INPUT FOR THIS TASK —

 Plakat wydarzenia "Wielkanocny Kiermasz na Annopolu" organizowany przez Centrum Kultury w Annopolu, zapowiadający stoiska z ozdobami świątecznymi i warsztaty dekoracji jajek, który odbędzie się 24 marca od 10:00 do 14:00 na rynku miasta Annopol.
--
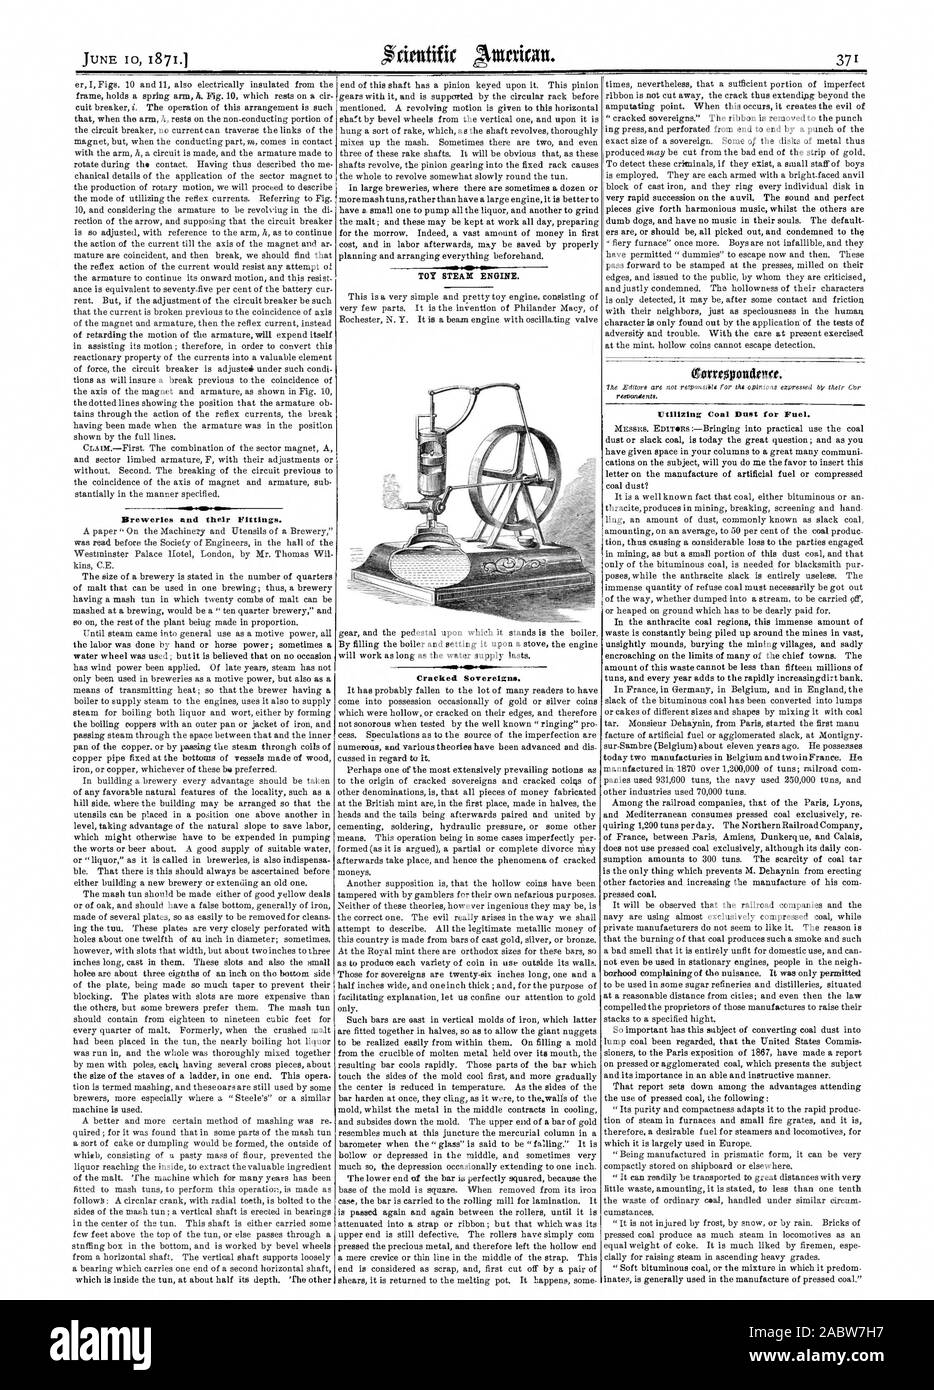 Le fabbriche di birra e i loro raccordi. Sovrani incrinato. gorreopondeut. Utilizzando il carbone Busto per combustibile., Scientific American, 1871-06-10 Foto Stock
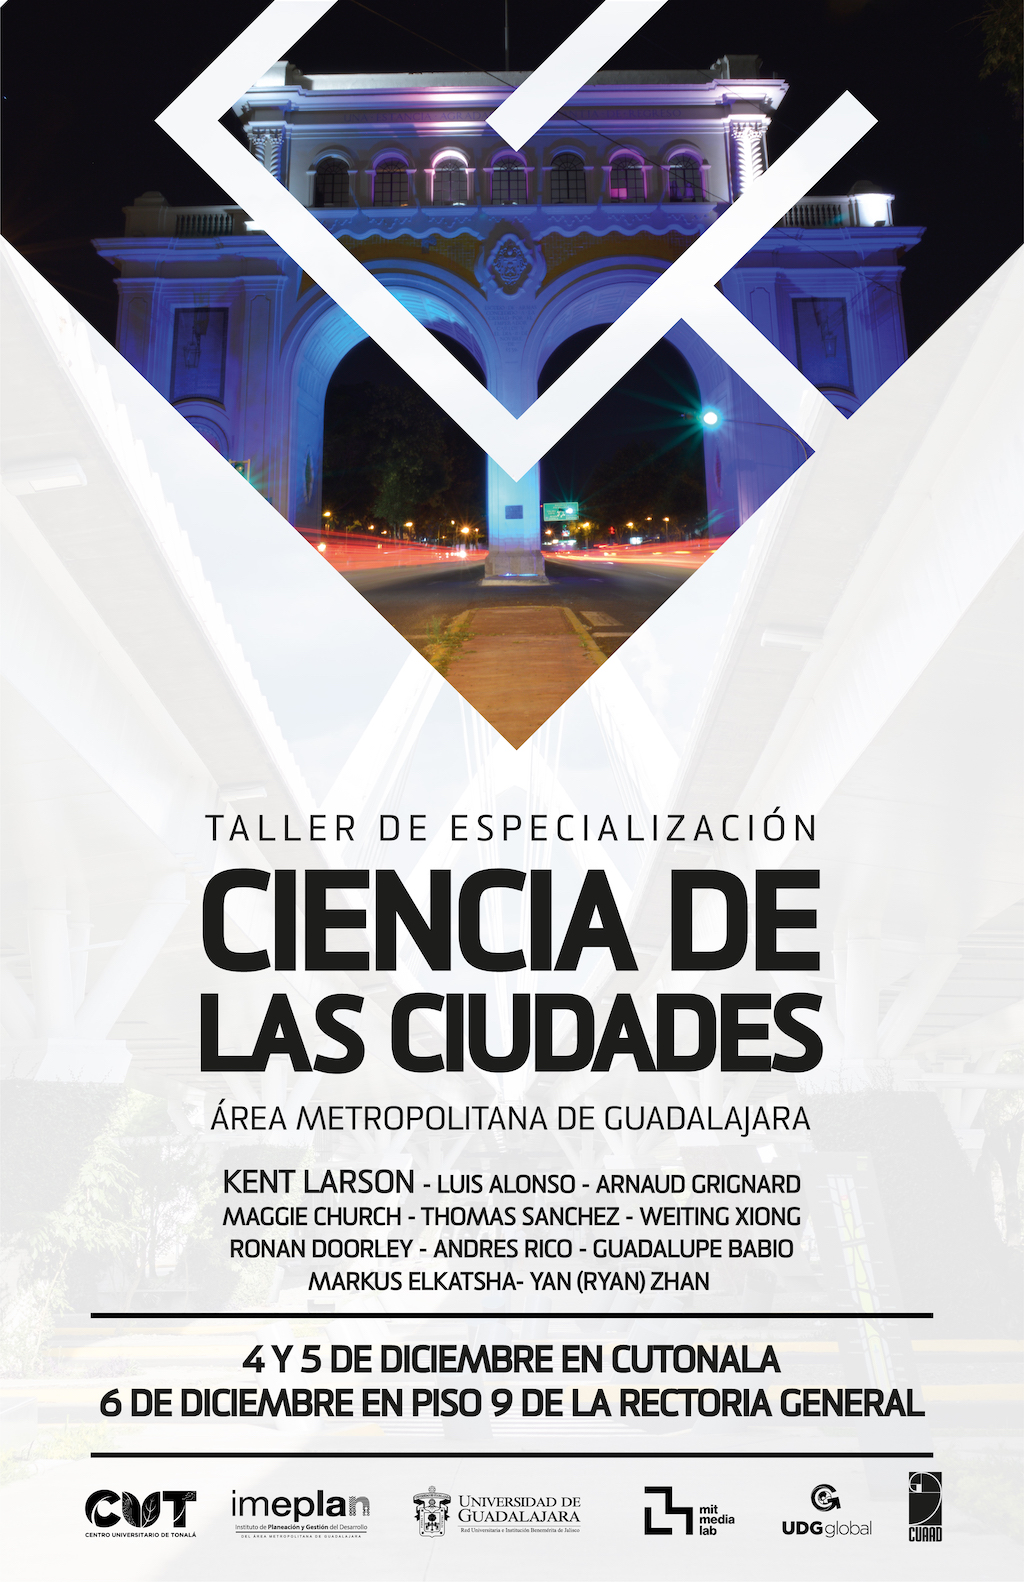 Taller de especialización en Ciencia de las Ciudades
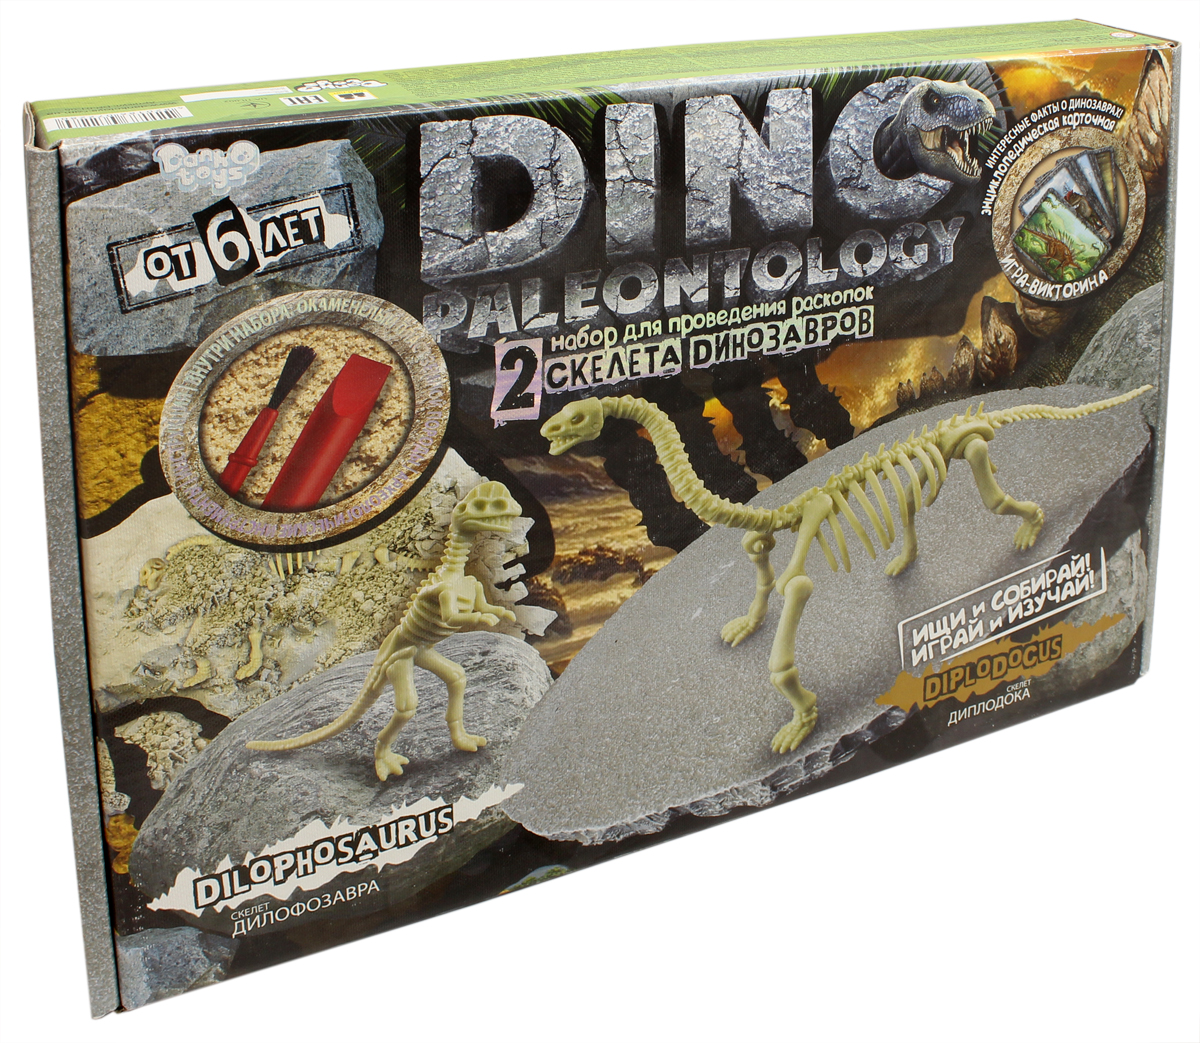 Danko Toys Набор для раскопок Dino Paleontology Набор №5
* * *
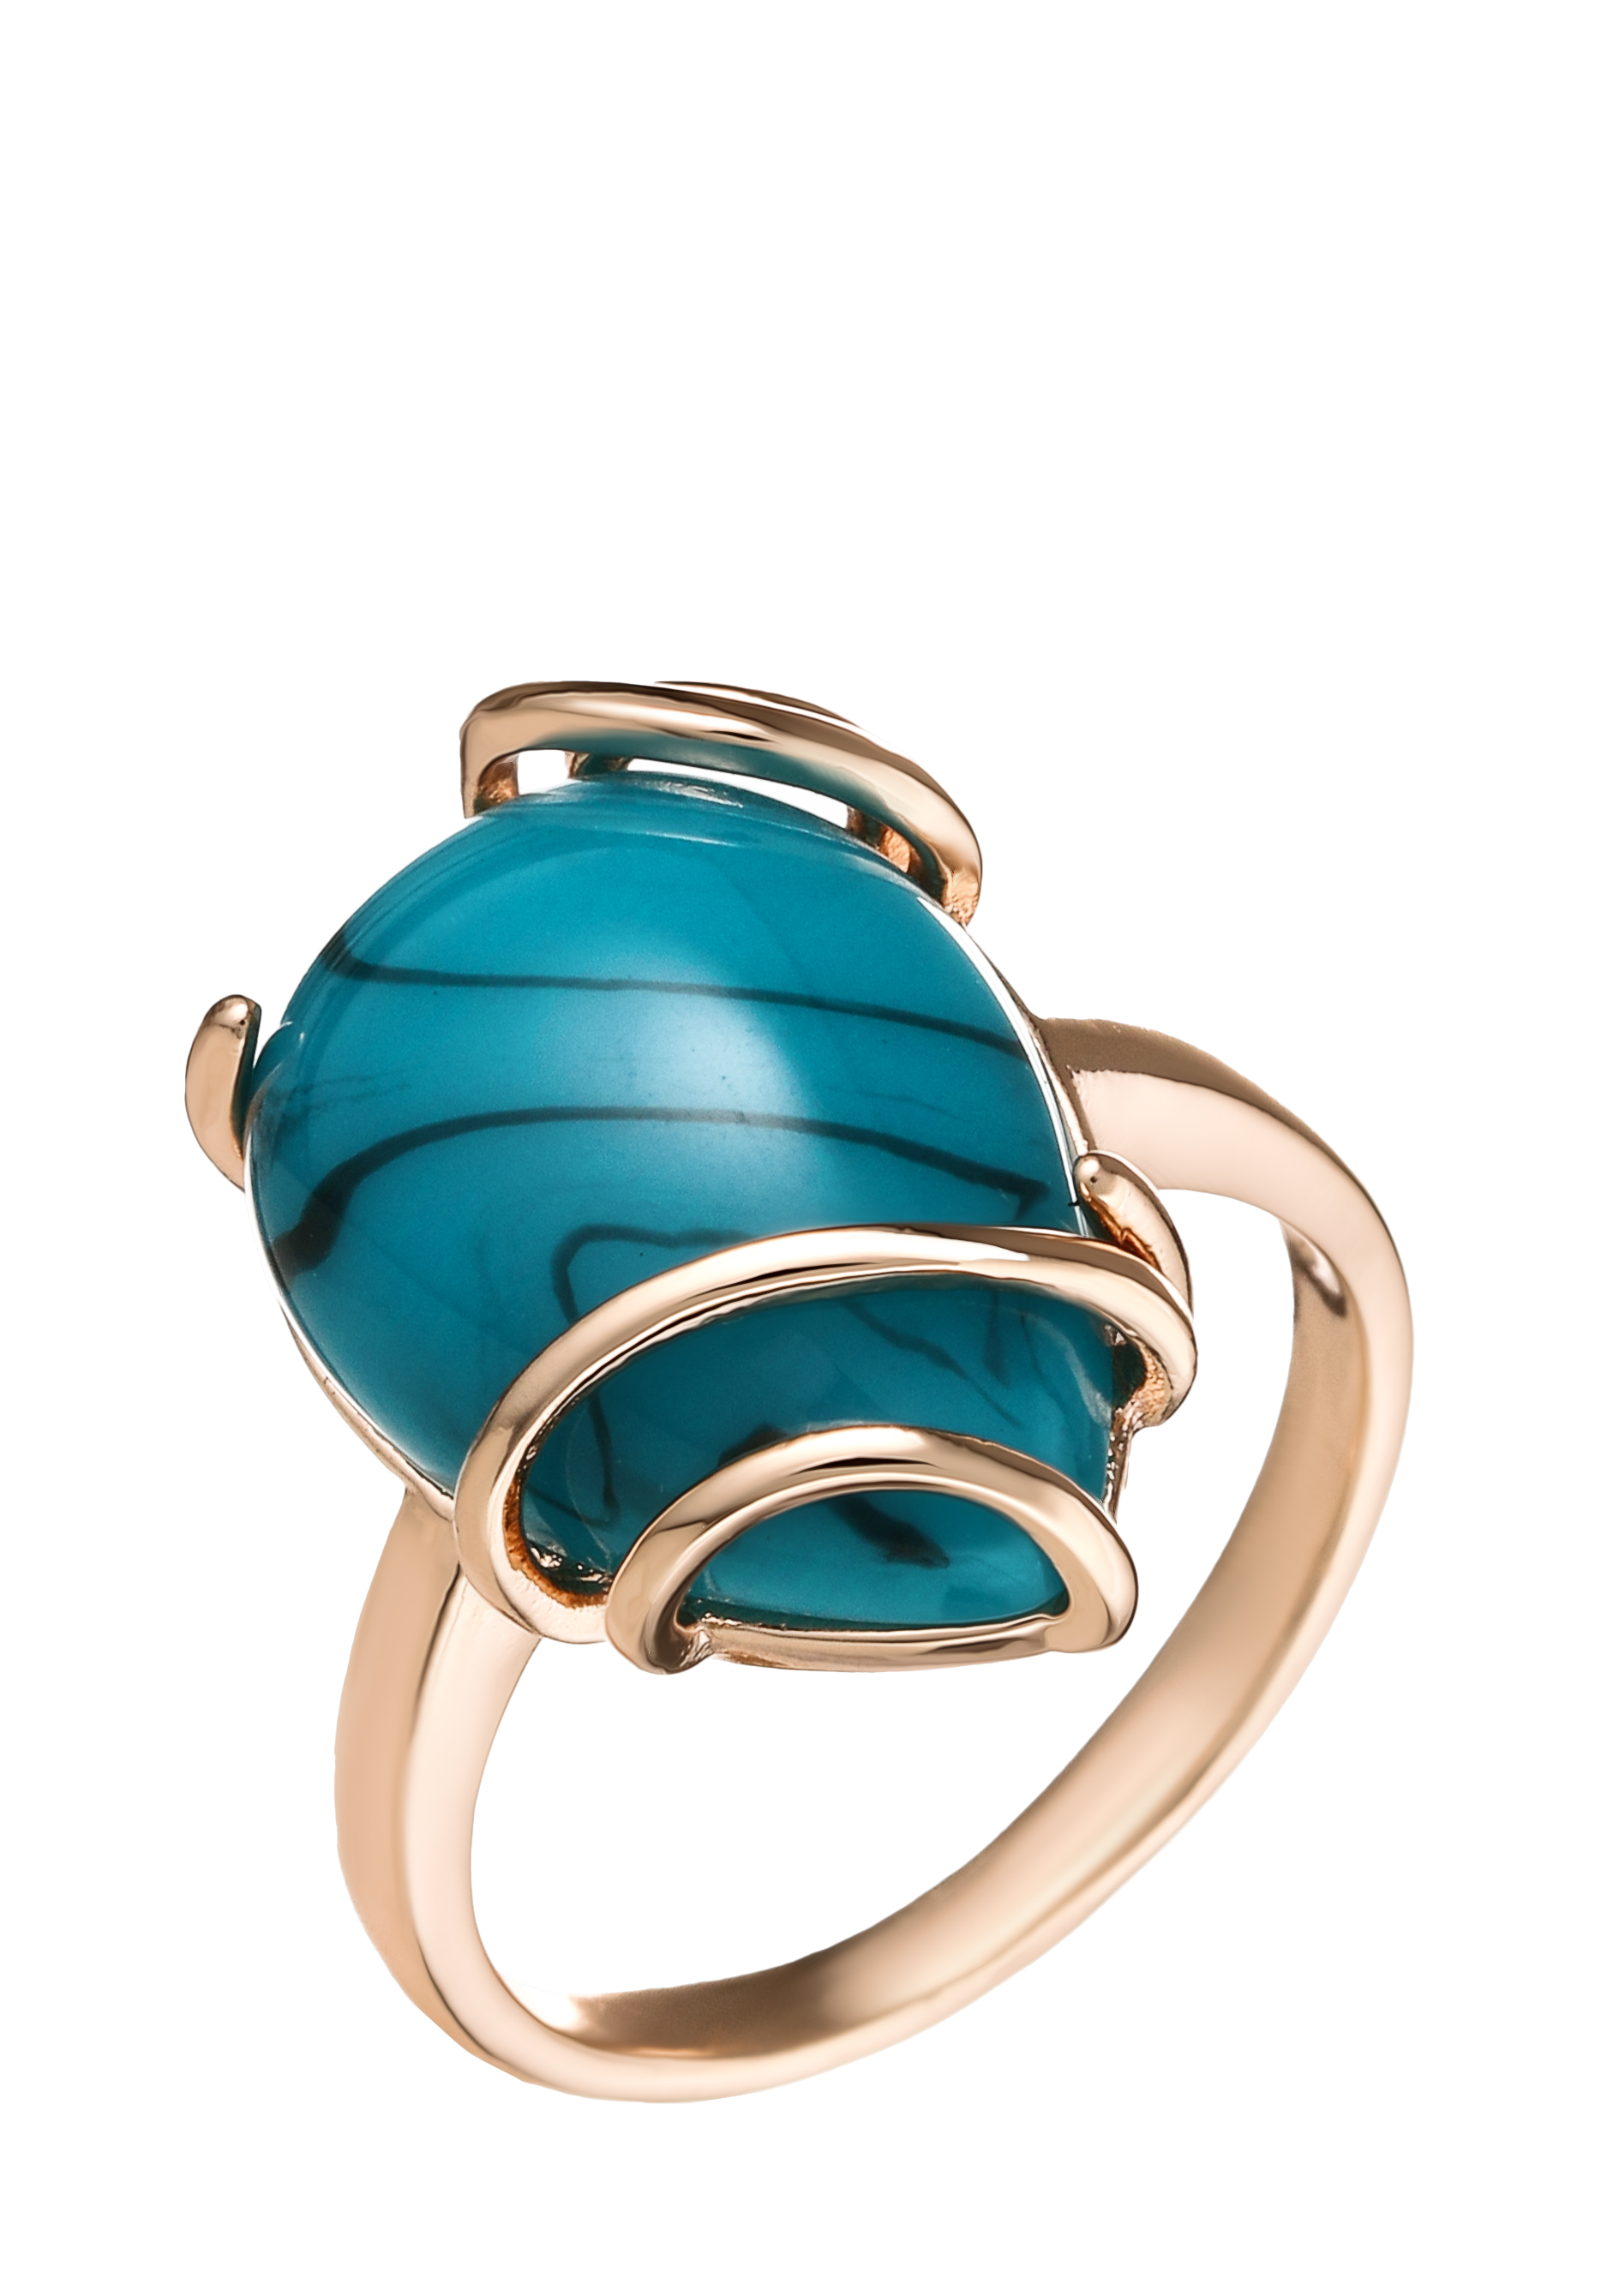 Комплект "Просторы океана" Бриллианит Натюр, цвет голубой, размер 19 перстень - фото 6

WORK INSTRUCTION — All lines above from the one containing "Taller de especialización" up to and including the one containing "Danko Toys Набор" are to be set down exactly, and nothing else. Leave images out.

RESULT OF THE EXERCISE —
 Taller de especialización en Ciencia de las Ciudades
 Danko Toys Набор для раскопок Dino Paleontology Набор №5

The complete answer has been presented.